Aave froze rsETH markets immediately to stop new exposure. WETH suppliers are being urged to withdraw positions, as partial haircuts or delays may occur while Aave’s Umbrella safety module handles the deficit. This is a major real-world stress test for Umbrella. Other protocols affected: SparkLend, Fluid, and at least 7–9 more froze rsETH-related markets or positions. Wrapped ETH became stranded across ~20 chains due to the omnichain setup.
AAVE token dropped ~10–13% amid fears of losses and broader contagion. No direct compromise of Aave’s contracts, but the event shows how external collateral failures can cascade. Cross-chain bridge vulnerabilities are back in focus. The exploit reportedly involved a misconfiguration or single-verifier issue in LayerZero’s OFT. This highlights catastrophic failure modes in default bridge configurations and composability risks.
Liquid restaking (LRTs) like rsETH face renewed scrutiny. Assumptions that these tokens are blue-chip collateral widely used on Aave for yield loops have been challenged. Protocols will likely tighten risk parameters for restaked assets, potentially reducing TVL and yields across EigenLayer participants. This is the largest single DeFi exploit of 2026 so far, surpassing or rivaling Drift Protocol’s $285M incident earlier in April.

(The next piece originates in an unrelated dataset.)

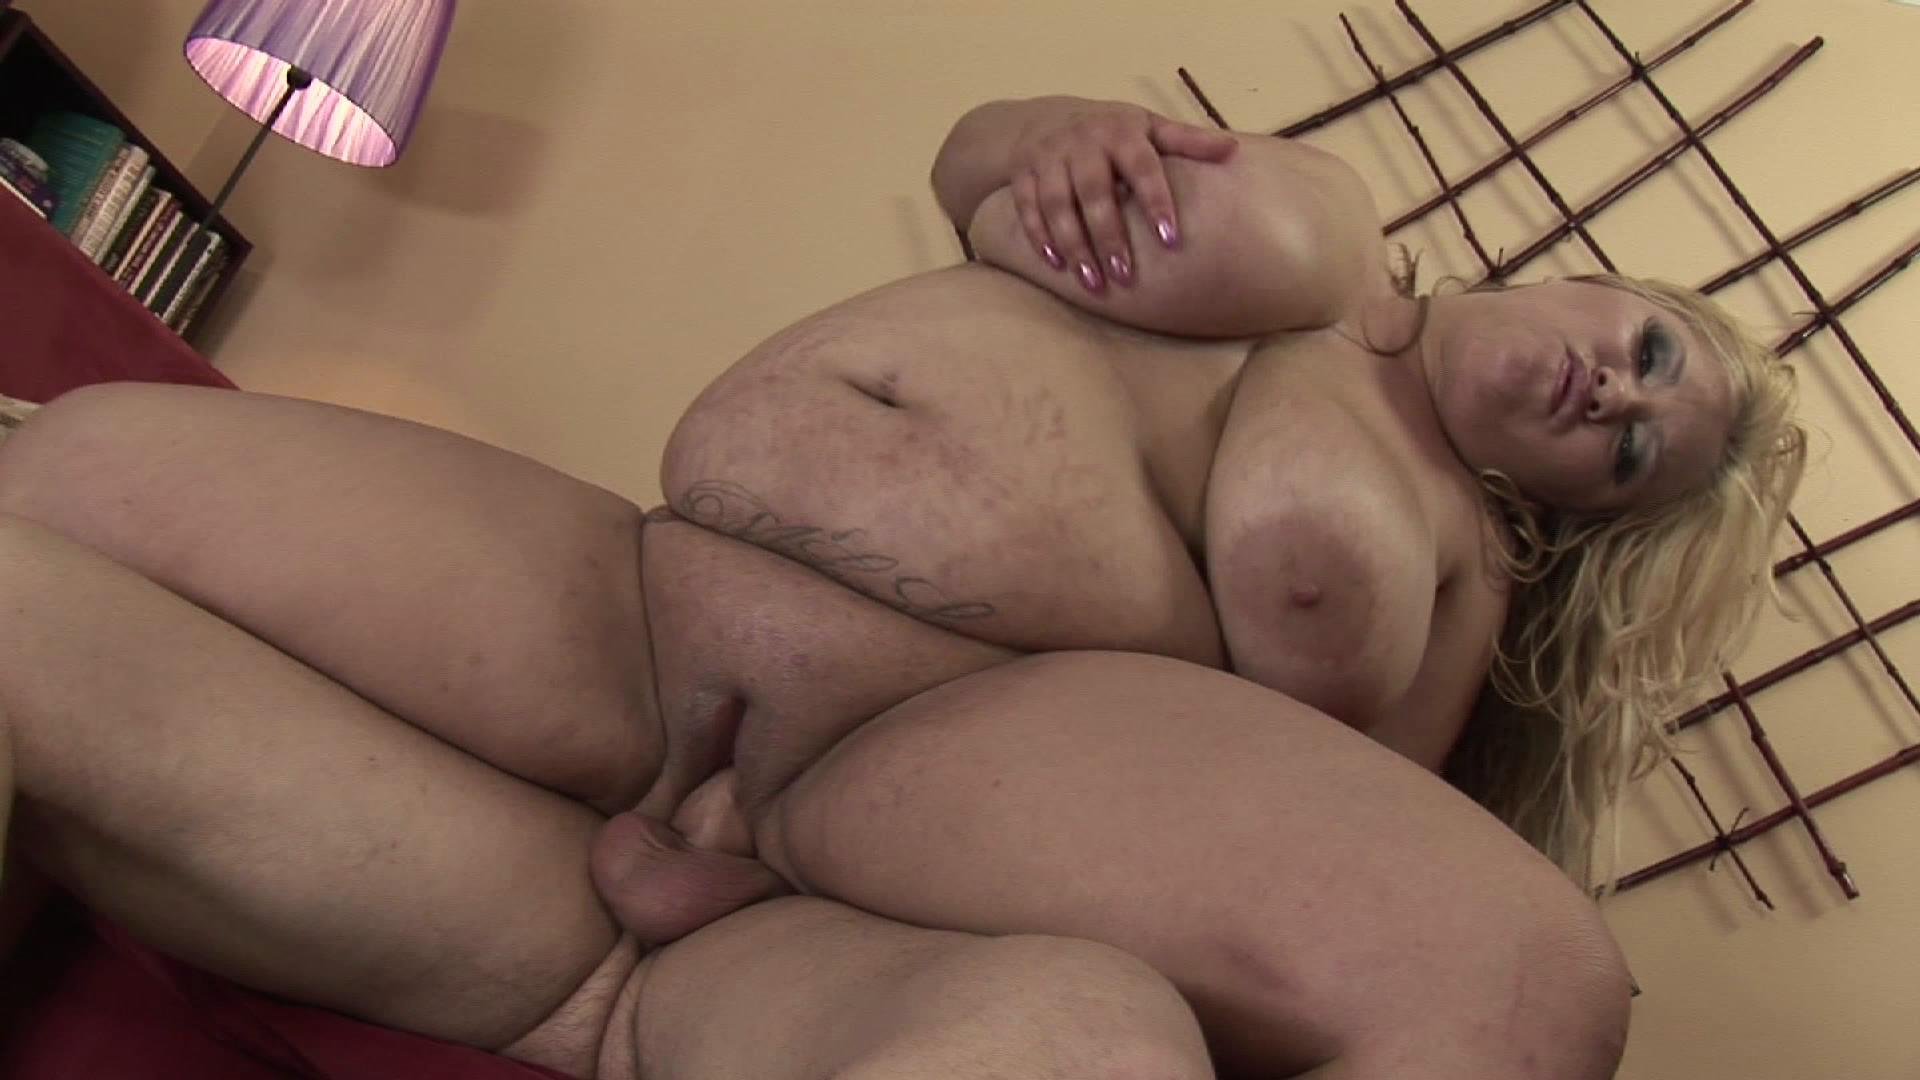 I Like Fat Girls 10 xvideos

Combined with other hacks, Q1/Q2 2026 has seen heavy losses; $600M+ in recent weeks, eroding confidence. ETH dipped ~3–4%; Polymarket odds on ETH price targets shifted lower as traders reassess DeFi exposure. Restaking sector sentiment is hit hard. Expect audits/reviews of LayerZero integrations, multi-verifier requirements for bridges, and stricter collateral onboarding in lending protocols. AI tools are noted as lowering barriers for sophisticated attacks.
This is a painful reminder of interconnected risks in DeFi — one bridge flaw can ripple through lending, restaking, and multiple chains. Short-term: volatility, frozen positions, and potential small losses for some suppliers. Long-term: likely leads to more conservative risk management and improved bridge standards.
If you hold rsETH, have exposure to Aave WETH pools, or use any Kelp-related bridges, check your positions and follow official updates from Kelp DAO and the affected protocols. On-chain sleuths like ZachXBT were among the first to flag it.